Several trials of cholesterol-lowering drugs in patients without known coronary disease have shown reductions in coronary events but trends toward increased noncoronary death. This randomized study compared pravastatin (40 mg/day) with placebo in 6595 hypercholesterolemic Scottish men, age 45 to 64, with no history of myocardial infarction. Nearly 80 percent of the men were current or ex-smokers, and 5 percent had angina. At baseline, the mean total, LDL, and HDL cholesterol levels were 272, 192, and 44 mg/dl, respectively. Pravastatin reduced LDL cholesterol by 26 percent (versus no change in the placebo group). During a mean follow-up of five years, the rate of nonfatal MI or death from coronary disease was 5.5 percent in the pravastatin group and 7.9 percent in the placebo group, a significant difference.

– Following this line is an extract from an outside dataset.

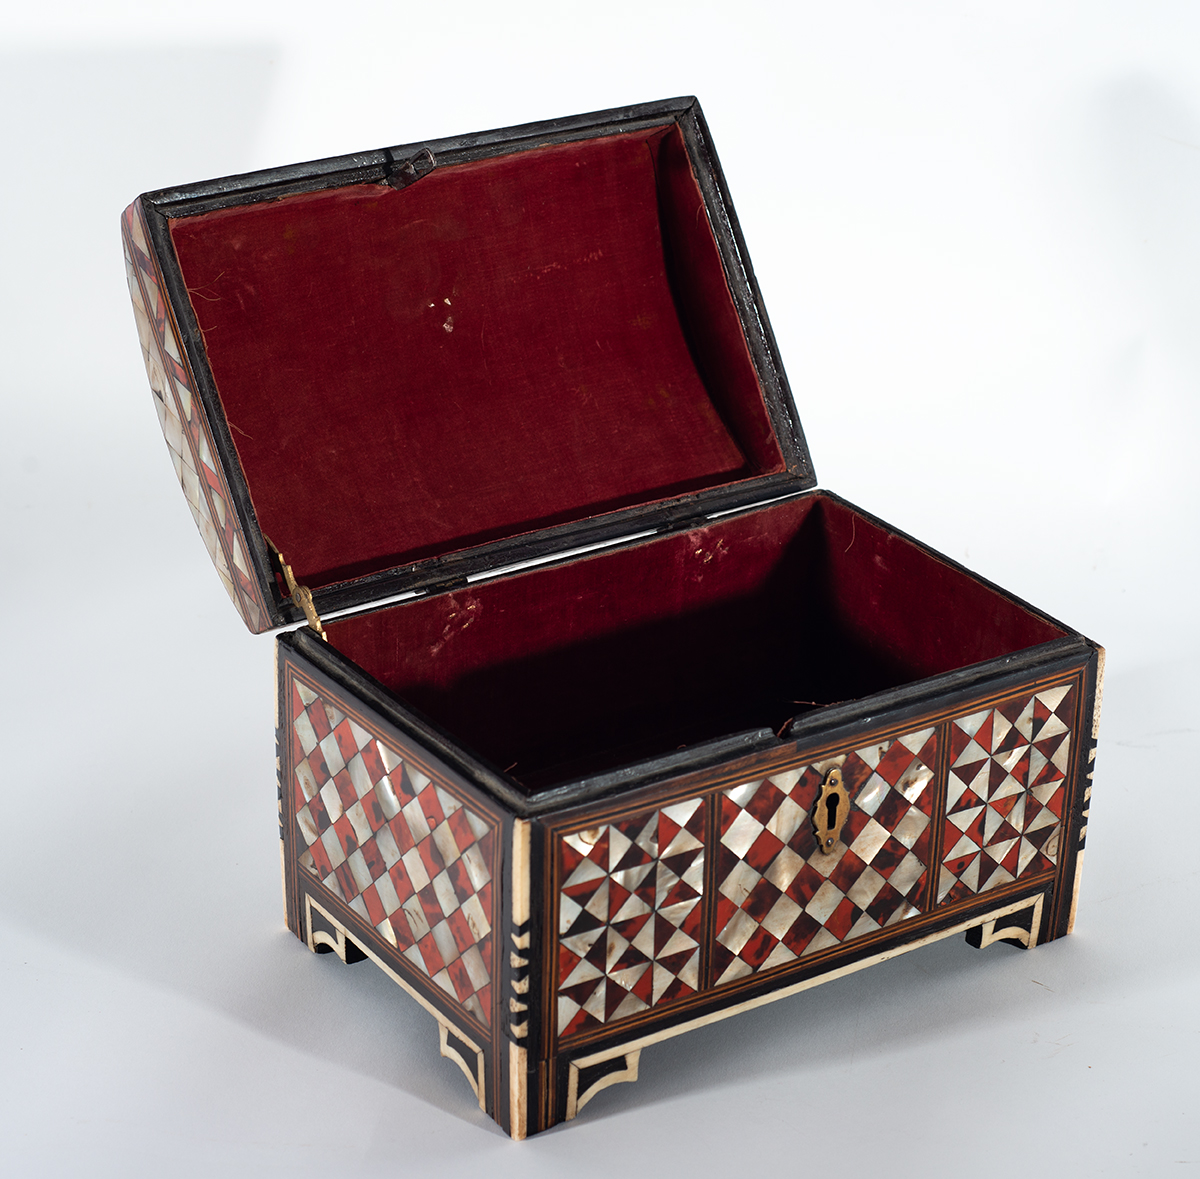 Important Ottoman chest in ebony, rosewood, mother-of-pearl and tortoiseshell, Turkey, 18th century - Image 5 of 5

The pravastatin group also had lower mortality from coronary disease (1.2 vs. 1.7 percent) and lower total mortality (3.2 vs. 4.1 percent), but these differences just failed to achieve statistical significance. No important adverse effects were reported. Comment: This trial yields the most compelling results to date supporting primary preventive drug therapy for hypercholesterolemia. It also confirms the safety of a "statin" drug during five years of use.

— AS Brett

Published in Journal Watch General Medicine November 28, 1995

Citation(s):

Shepherd J, et al. Prevention of coronary heart disease with pravastatin in men with hypercholesterolemia. N Engl J Med 1995 Nov 16 333 1301-1307.